### SUPPLIED INFORMATION
┄┄┄┄┄┄

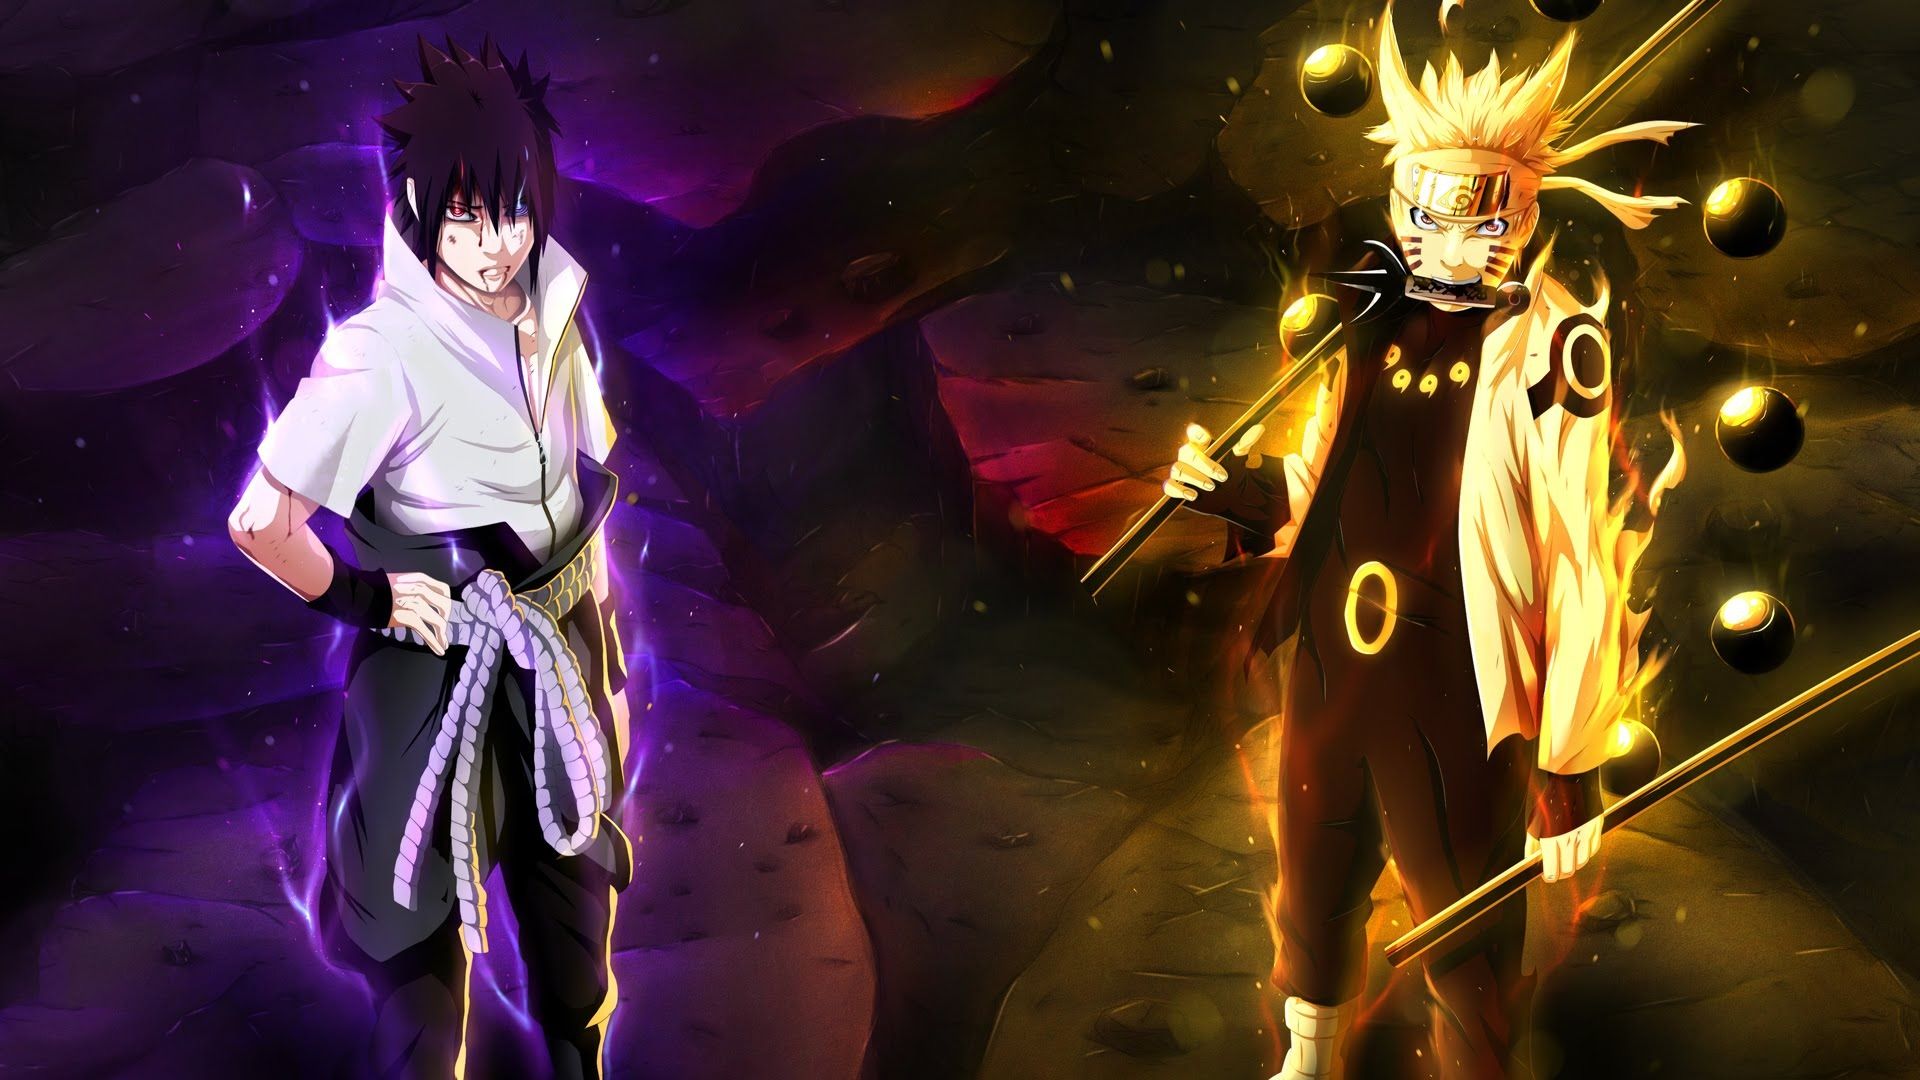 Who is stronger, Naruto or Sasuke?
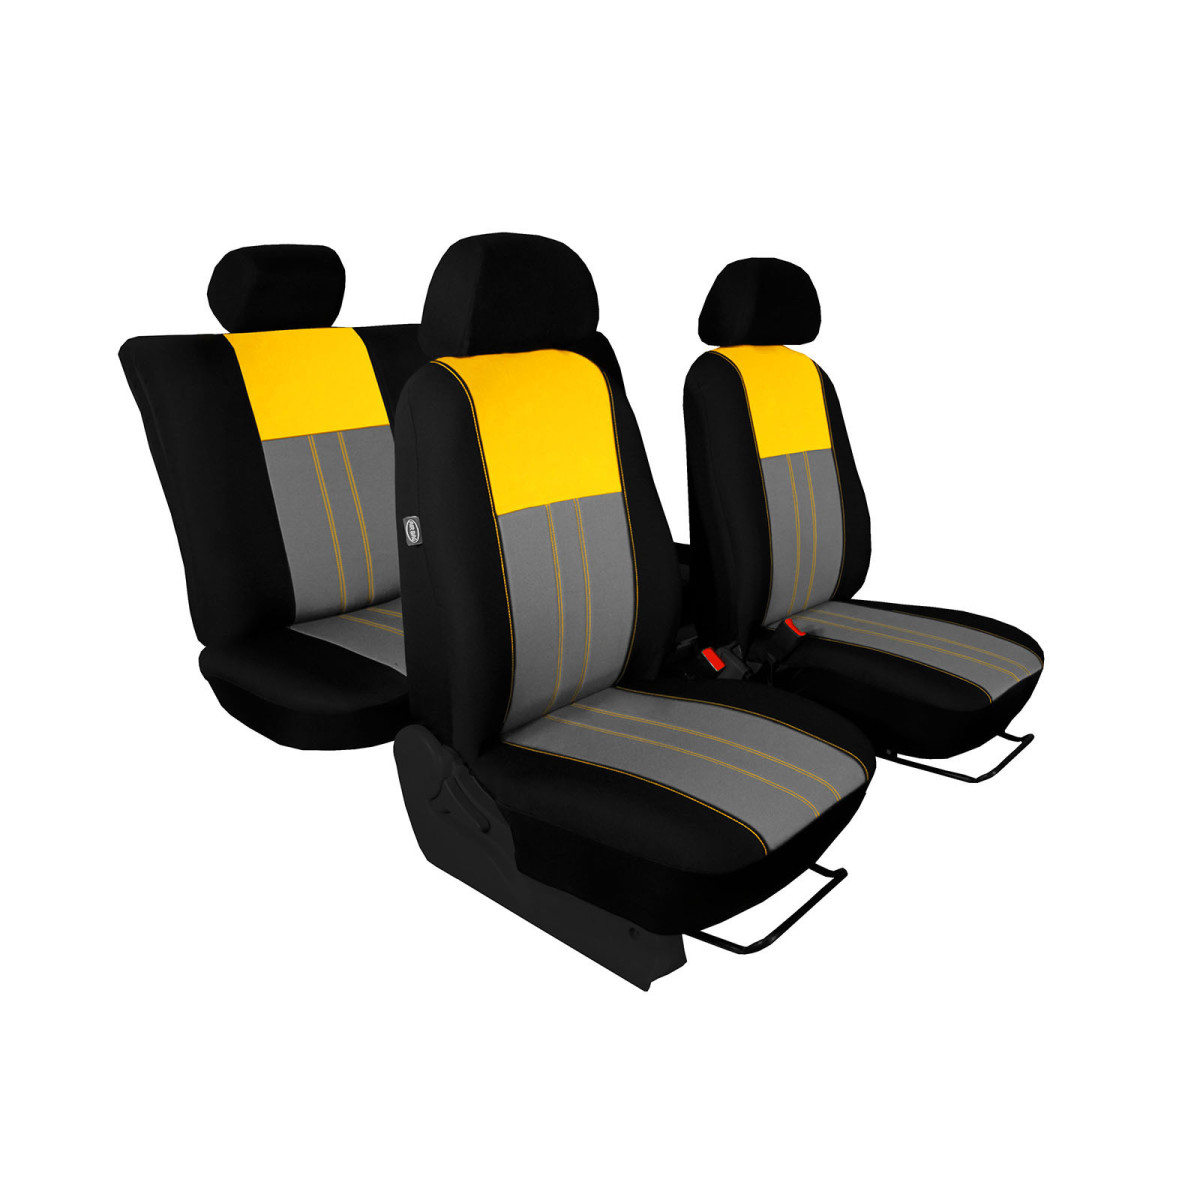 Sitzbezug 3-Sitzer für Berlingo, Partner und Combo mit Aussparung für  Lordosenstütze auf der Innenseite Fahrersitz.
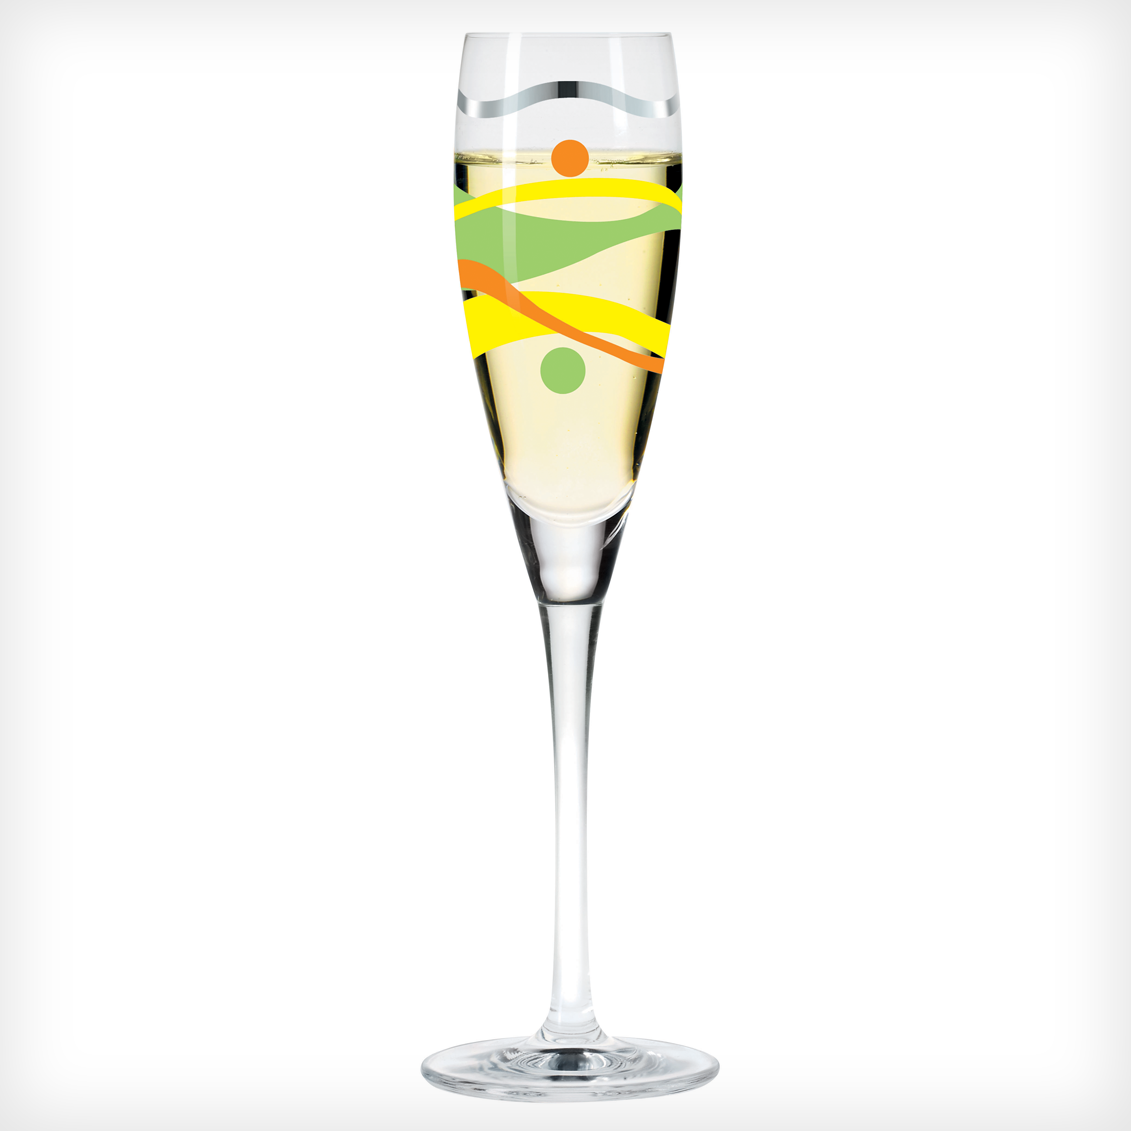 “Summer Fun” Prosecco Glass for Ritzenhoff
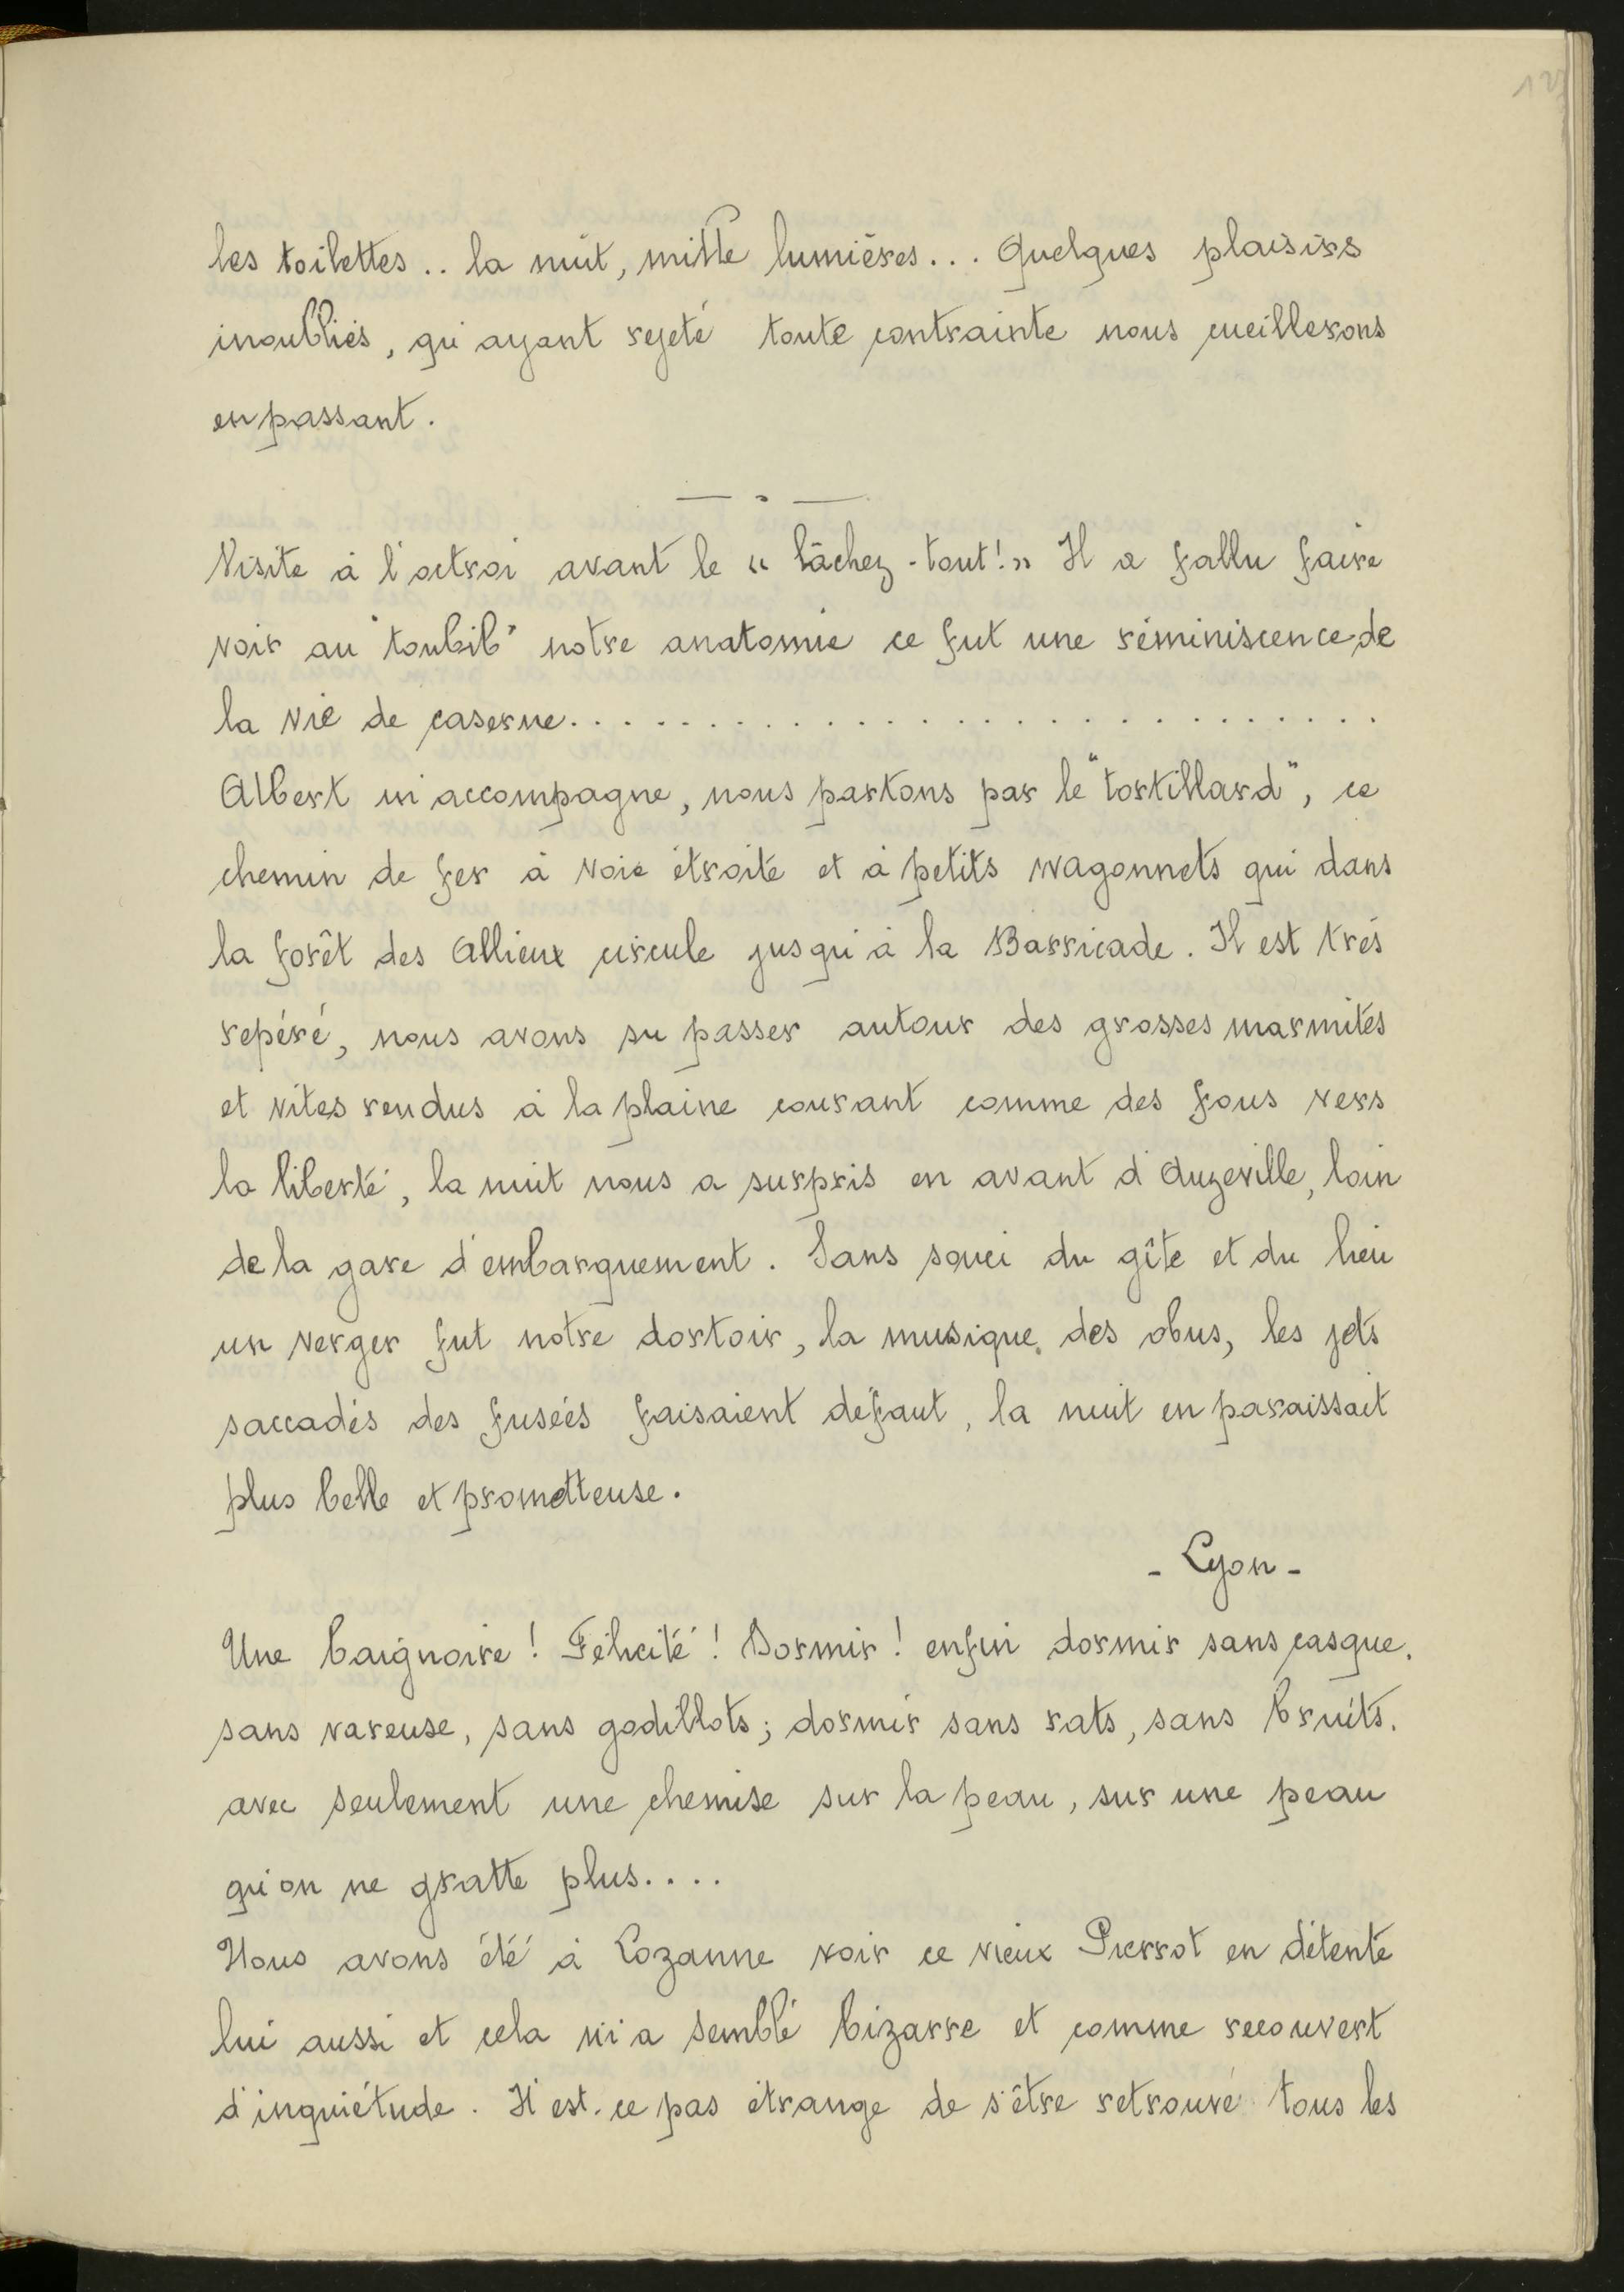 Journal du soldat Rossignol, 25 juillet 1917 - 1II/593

┄┄┄┄┄┄

What is needed is an exact copy of every line from the one with "Sitzbezug 3-Sitzer für" to the end of the listing above, with the pictures left out.

 Sitzbezug 3-Sitzer für Berlingo, Partner und Combo mit Aussparung für  Lordosenstütze auf der Innenseite Fahrersitz.
 “Summer Fun” Prosecco Glass for Ritzenhoff
 Journal du soldat Rossignol, 25 juillet 1917 - 1II/593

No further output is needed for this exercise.